Copy the lines from the start of the records below through the line containing "Olympia Kristallon HeritageRaised", both included, and leave out the pictures.

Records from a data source

-----

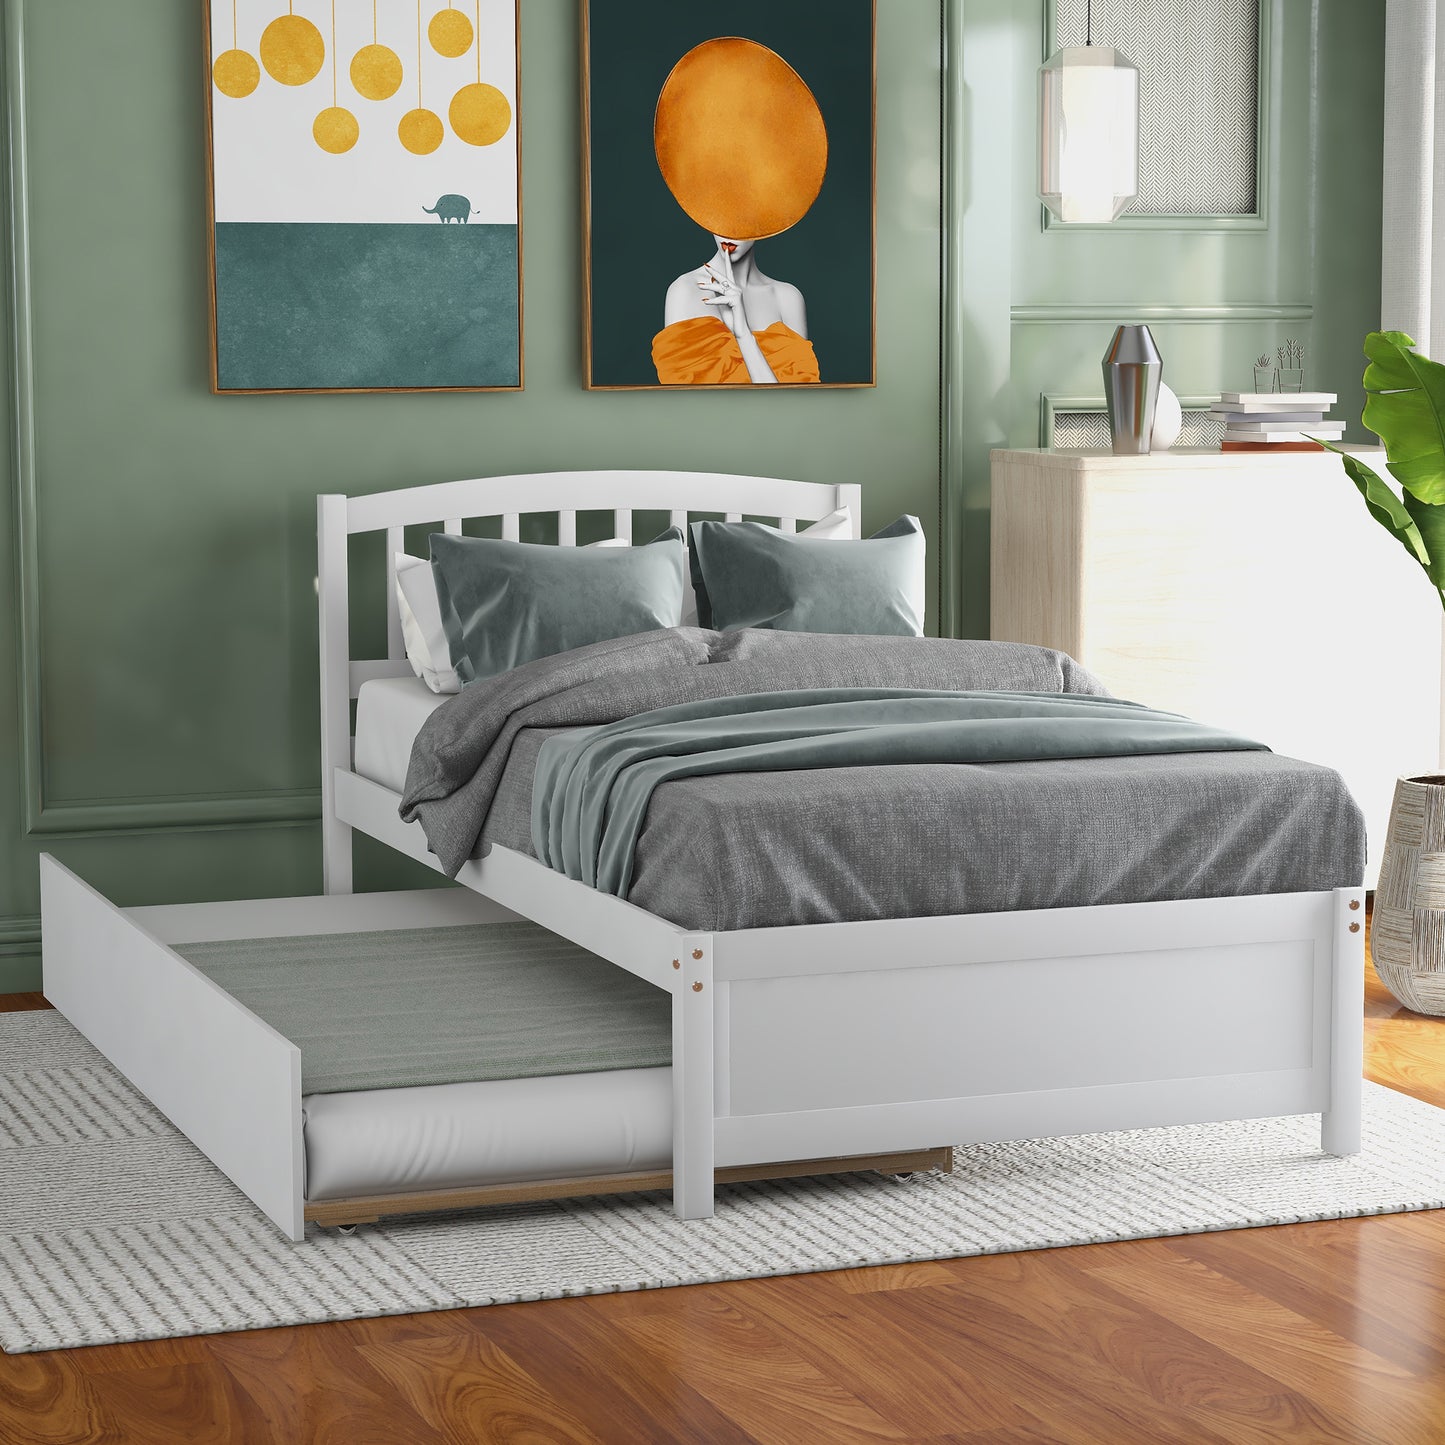 Twin Bed Frame with Trundle Included, Solid Pine Wood Platform Bed Frame for Kids Teens Adults, Espresso, LJ719
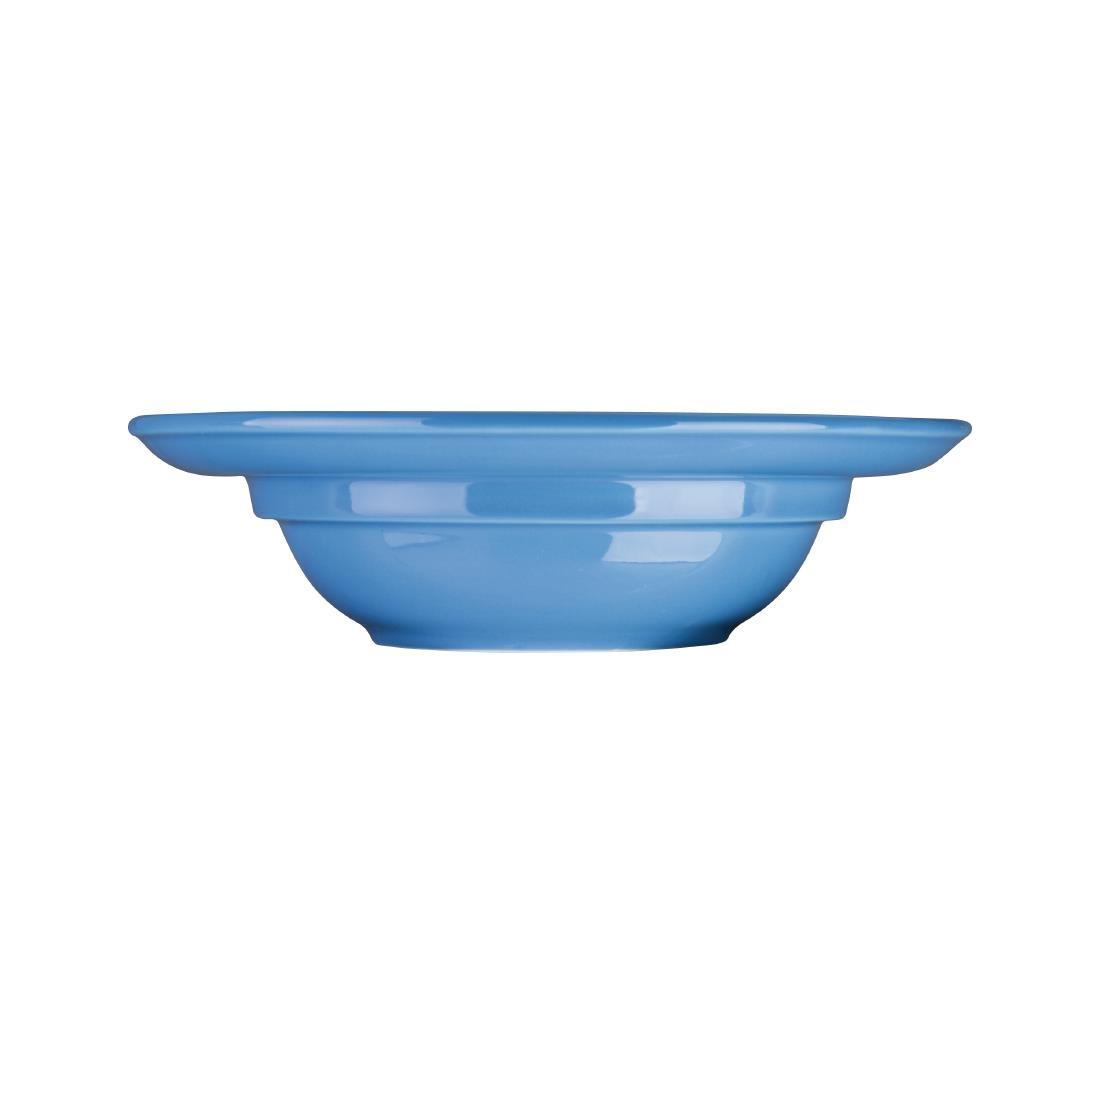 Olympia Kristallon HeritageRaised Rim Bowls Blue 205mm (Pack of 4) - DW702  - 4
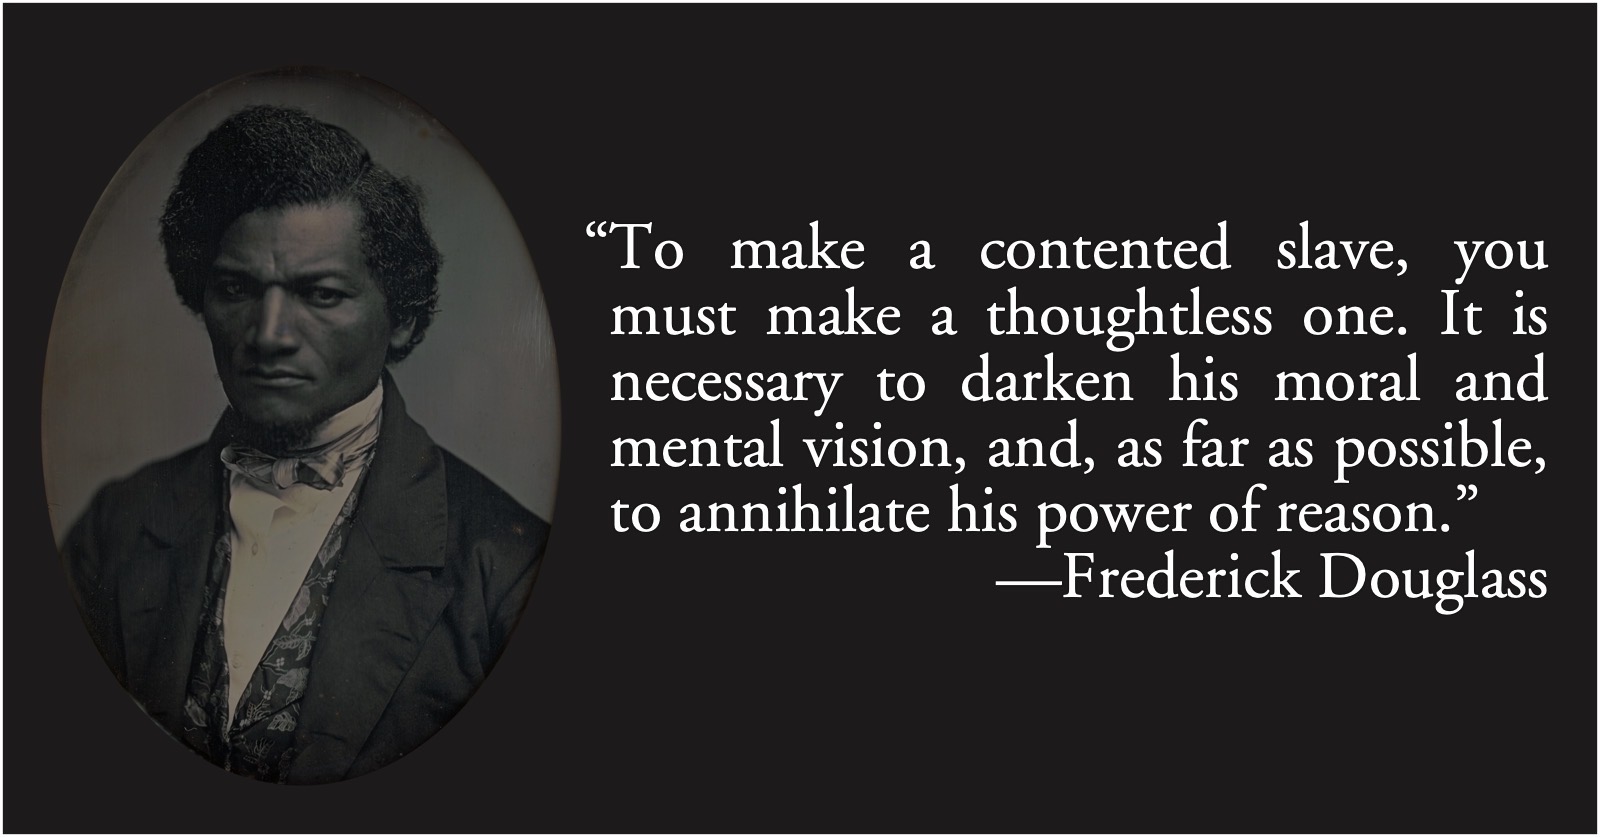 Frederick Douglass: contented slaves: Frederick Douglass: “To make a contented slave, you must make a thoughtless one. It is necessary to darken his moral and mental vision, and, as far as possible, to annihilate his power of reason.”; education; slavery; reason; Frederick Douglass
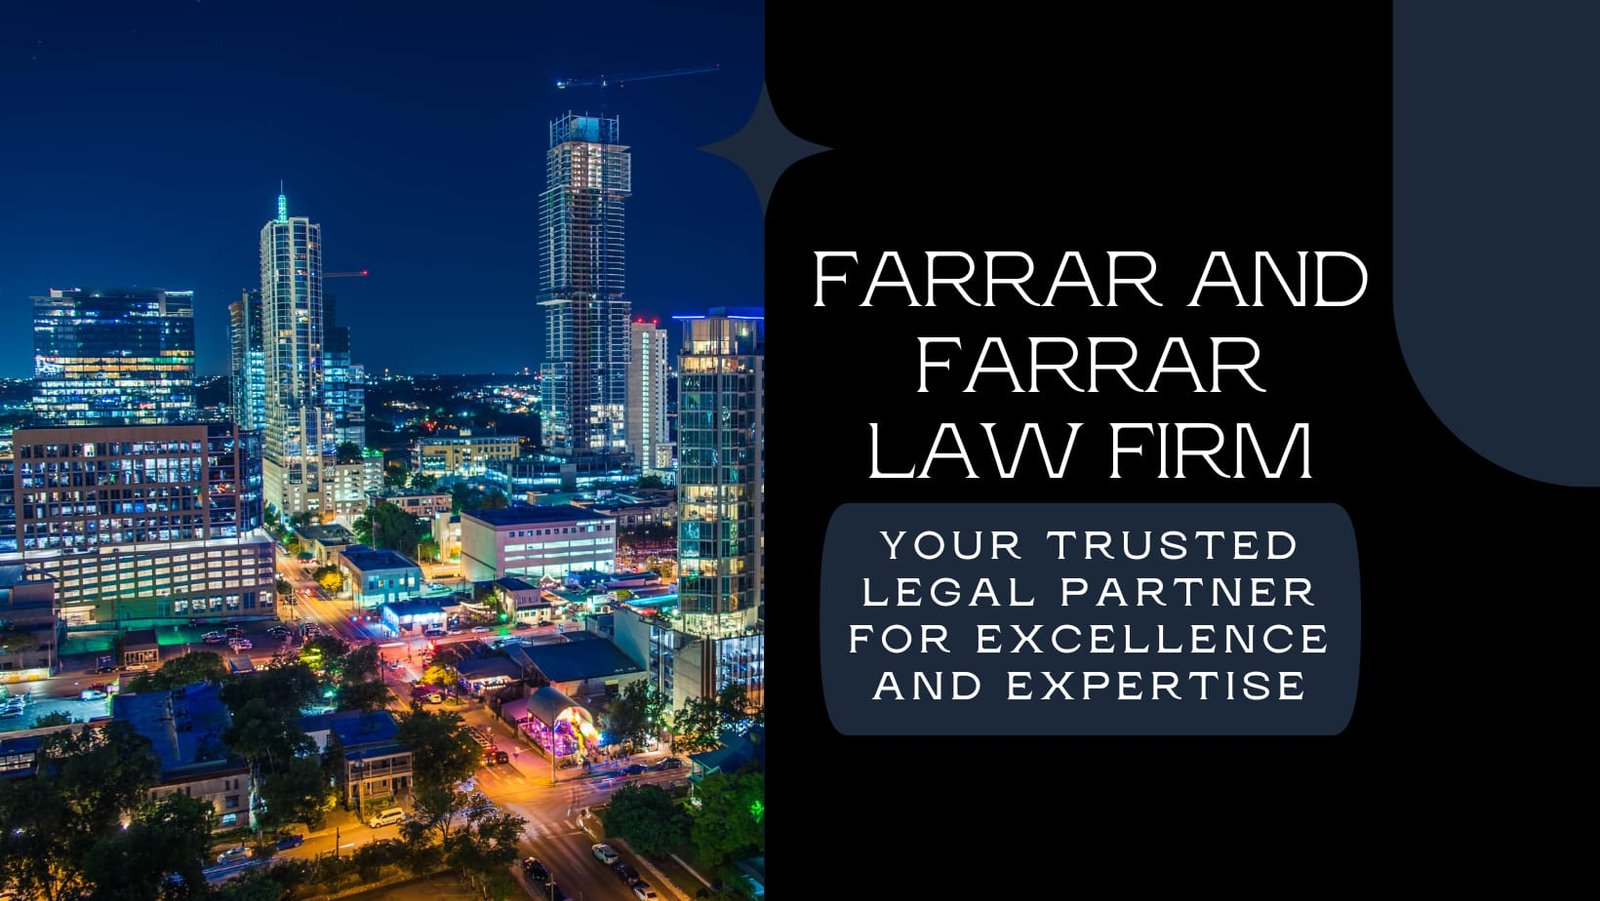 Farrar and Farrar Law Firm: Your Trusted Legal Partner for Excellence and Expertise
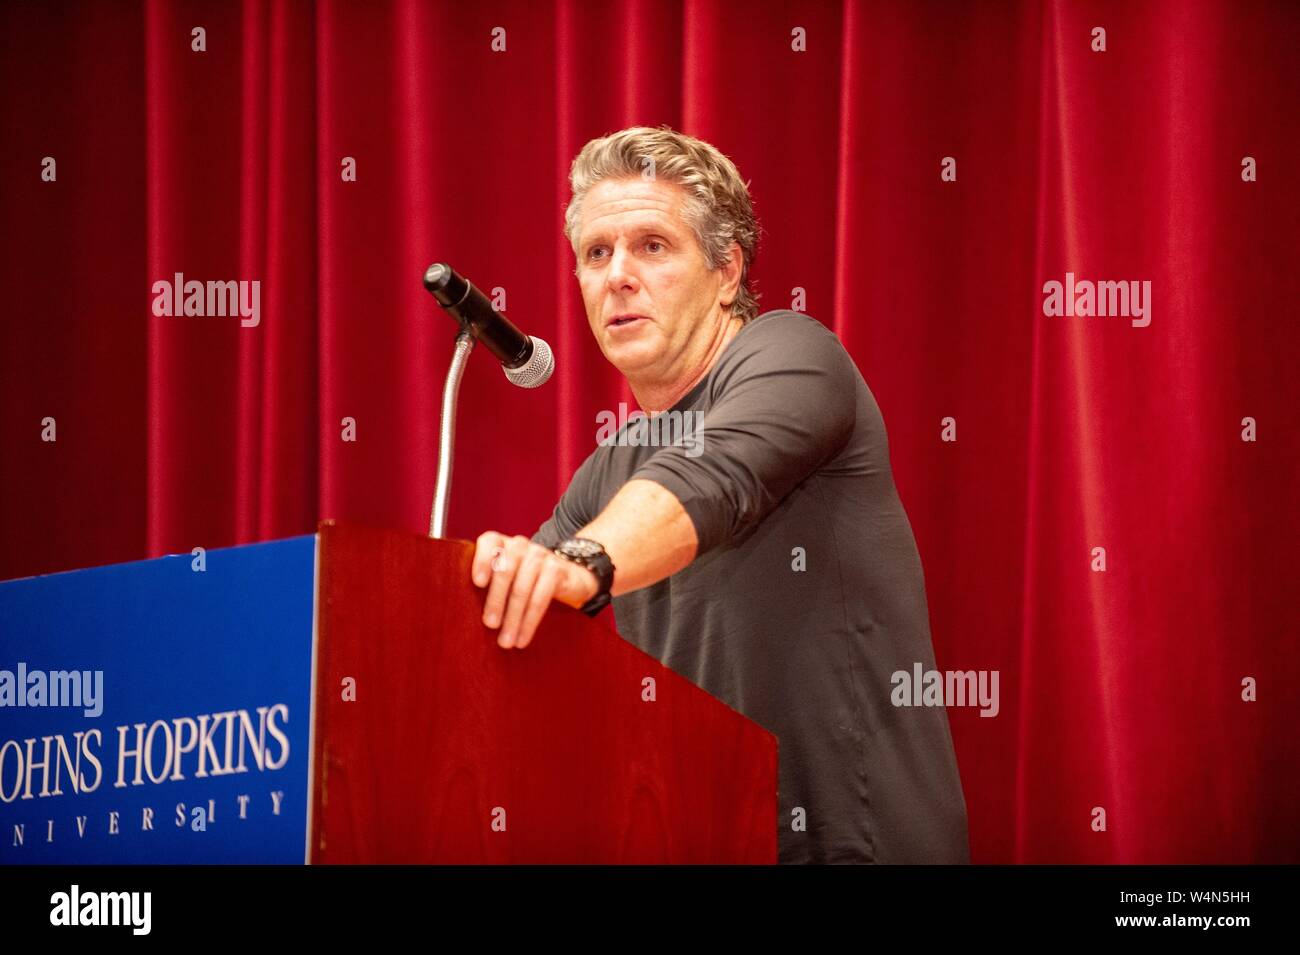 Medium shot of Donny Deutsch, marketing professional and television personality, speaking at a Milton S Eisenhower Symposium at the Johns Hopkins University, Baltimore, Maryland, November 9, 2010. From the Homewood Photography Collection. () Stock Photo

-----

■ Output for this exercise:
 Twin Bed Frame with Trundle Included, Solid Pine Wood Platform Bed Frame for Kids Teens Adults, Espresso, LJ719
 Olympia Kristallon HeritageRaised Rim Bowls Blue 205mm (Pack of 4) - DW702  - 4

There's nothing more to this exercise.